What does this mean for fuel prices in 2020? In its IMO 2020 review summary, the Fuels Institute reviewed 40 analyses, poring over several diesel and gasoline pricing scenarios. The estimated effect on retail gasoline and diesel prices range from about 25 cents to 75 cents. One report projects diesel prices could rise 20% to 30% by 2020, while another suggested crude prices could increase as much as 50%. Most reports agree that the effect will be limited to a two- to three-year window.
“In the shorter term, there should be more clarity on fuel pricing in late 2020 as compliant fuel blends become more common,” Eichberger said.
As of press time, IMO 2020’s effect on fuel prices was still muted. “The dog is barking [around higher prices], but it’s a soft growl rather than a yelping hound,” Kloza said.
He envisions a hypothetical worst-case scenario for first-quarter 2020 if a polar vortex hits the Northeast at the same time hydrocarbons normally used to make diesel go to the marine market. “Under those circumstances, and on a very temporary basis, we could see diesel prices spike much higher,” he said.
Under such a scenario, diesel prices in the Pacific Northwest or in California could fetch prices of $2.40 to $2.75 per gallon. “It’s not likely, but not impossible,” Kloza said.
In mid-2018, Philip Verleger, president of Denver-based PKVerleger LLC, predicted “an economic crash of horrible proportions” in 2020, with the potential for $6- to $7-per-gallon retail gasoline prices and $8 to $9 per gallon for diesel.

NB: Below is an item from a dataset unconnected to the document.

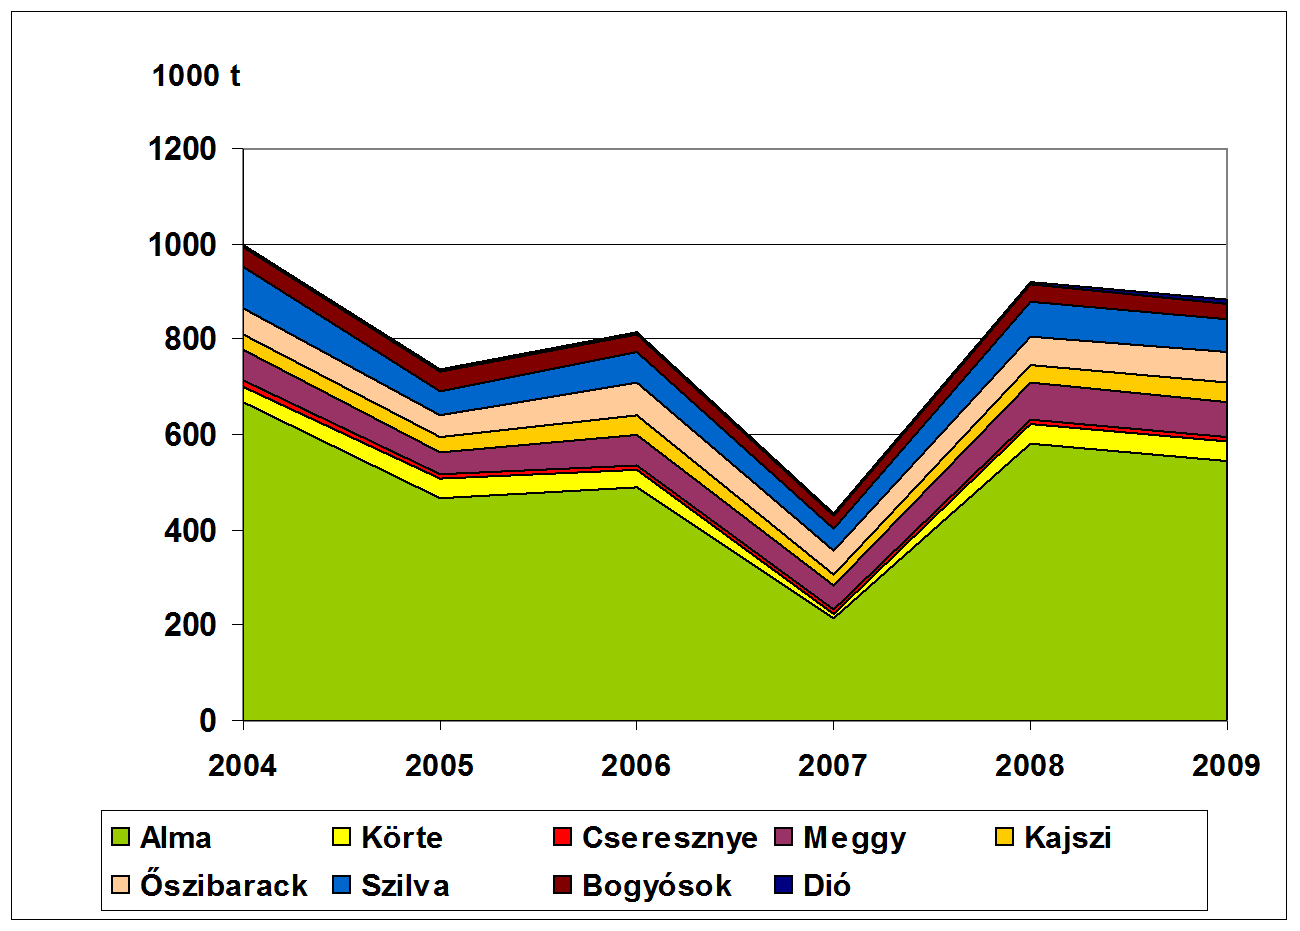 Плодоводство Венгрии 2004-2009

He now says these price projections “are almost out of the question” but cautions against unforeseen developments. Verleger also is watching how the distillate markets develops, as well as compliance activities from both refiners and shipping companies.
Domestic refiners might try to compensate for any low-sulfur fuel shortfalls of noncomplying refiners, domestically and abroad, to meet marine demand, he said. “I think they will try, which might trigger cutting diesel supply to U.S. farmers and truckers,” he said.
Retailers have few ways to insulate themselves against IMO 2020, experts say. Verleger sees a scenario in which “retailers could twist slowly, slowly in the wind” if a significant piece of the gasoline and diesel barrel cut is diverted to process low-sulfur fuel.
“Retailers have their hands tied,” Eichberger said. “They can’t buy more diesel now in advance and hold it, since they buy fuel when they need it and then pass the price increase along to customers.”
Kloza echoes that sentiment. When it comes to the diesel market, it’s “backward-dated by more than a penny per month so retailers can’t really hoard or store product in advance,” he said. Retailers could buy some protection through ultralow-sulfur diesel futures options in 2020 to take a hedge position against diesel, or they could put some product away before January.
“But the market is not factoring in a spike,” he said. “Once we get close to implementation, we could see the usual panic of the crowd.”